2555 N. Pearl Street, #502

Dallas, TX 75201

If to Company:

Kindred Healthcare Operating, Inc.

680 South Fourth Street

Louisville, KY 40202

Attn: Corporate Secretary

14. Waiver of Breach and Severability. The waiver by either party of a breach of any provision of this Agreement by the other party shall not operate or be construed as a waiver of any subsequent breach by either party. In the event any provision of this Agreement is found to be invalid or unenforceable, it may be severed from the Agreement and the remaining provisions of the Agreement shall continue to be binding and effective.

15. Entire Agreement; Amendment. This instrument contains the entire agreement of the parties with respect to the subject matter hereof and supersedes all prior agreements, promises, covenants, arrangements, communications, representations and warranties between them, whether written or oral with respect to the subject matter hereof. No provisions of this Agreement may be modified, waived or discharged unless such modification, waiver or discharge is agreed to in writing signed by Executive and an executive officer of the Company.

16. Governing Law. This Agreement shall be construed in accordance with and governed by the laws of the State of Delaware.

17. Headings. The headings in this Agreement are for convenience only and shall not be used to interpret or construe its provisions.

18. Counterparts. This Agreement may be executed in two or more counterparts, each of which shall be deemed an original but all of which together shall constitute one and the same instrument.

19. Survival. Any provision of this Agreement creating obligations extending beyond the Term of this Agreement shall survive the expiration or termination of this Agreement, regardless of the reason for such termination.

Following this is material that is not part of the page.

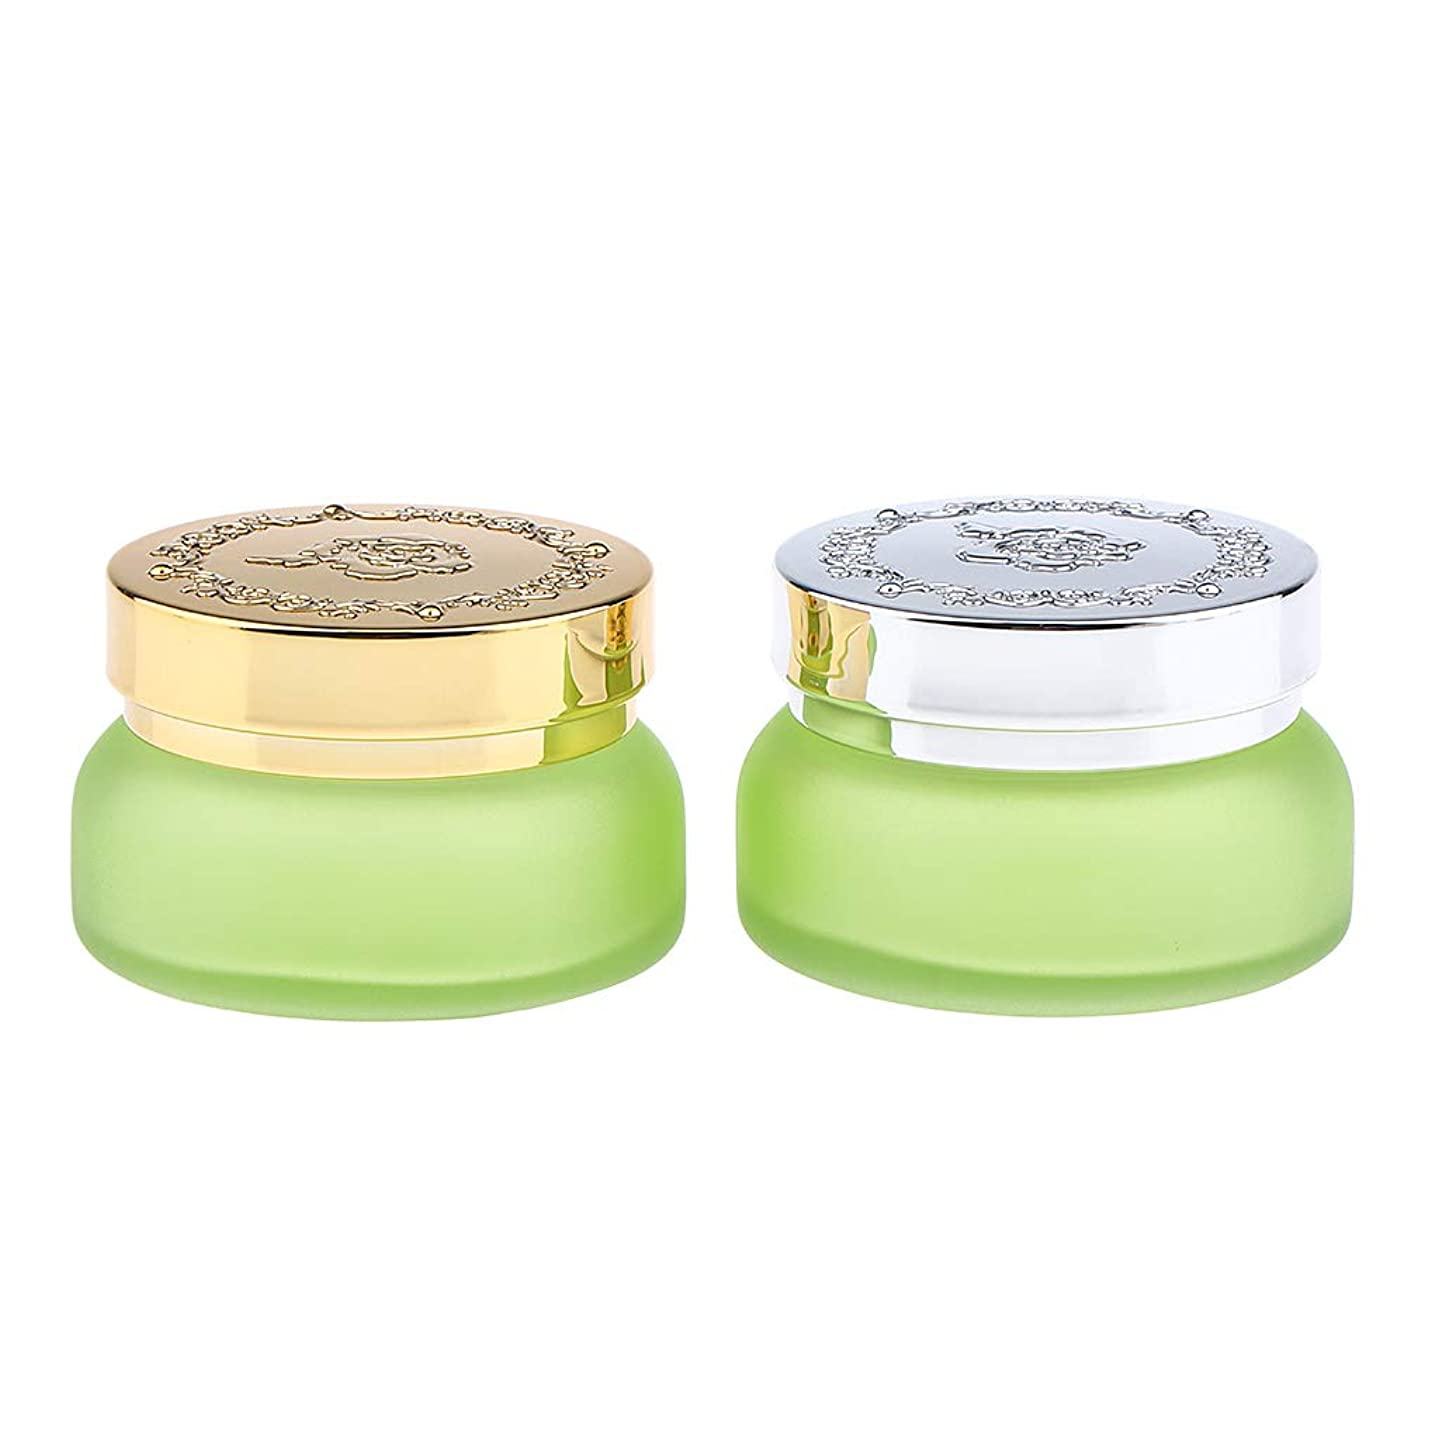 準備滅多シアーDYNWAVE 空き缶 詰め替え容器 クリームケース 小分けボトル 化粧品 クリーム収納ボックス 2個 全2サイズ - 容量30g

20. Section 409A. If any provision of this Agreement (or any award of compensation or benefits provided under this Agreement) would cause Executive to incur any additional tax or interest under Section 409A of the Internal Revenue Code (the “Code”), the Company shall reform such provision to comply with 409A and agrees to maintain, to the maximum extent practicable without violating 409A of the Code, the original intent and economic benefit to Executive of the applicable provision; provided that nothing herein shall require the Company to provide Executive with any gross-up for any tax, interest or penalty incurred by Executive under Section 409A of the Code.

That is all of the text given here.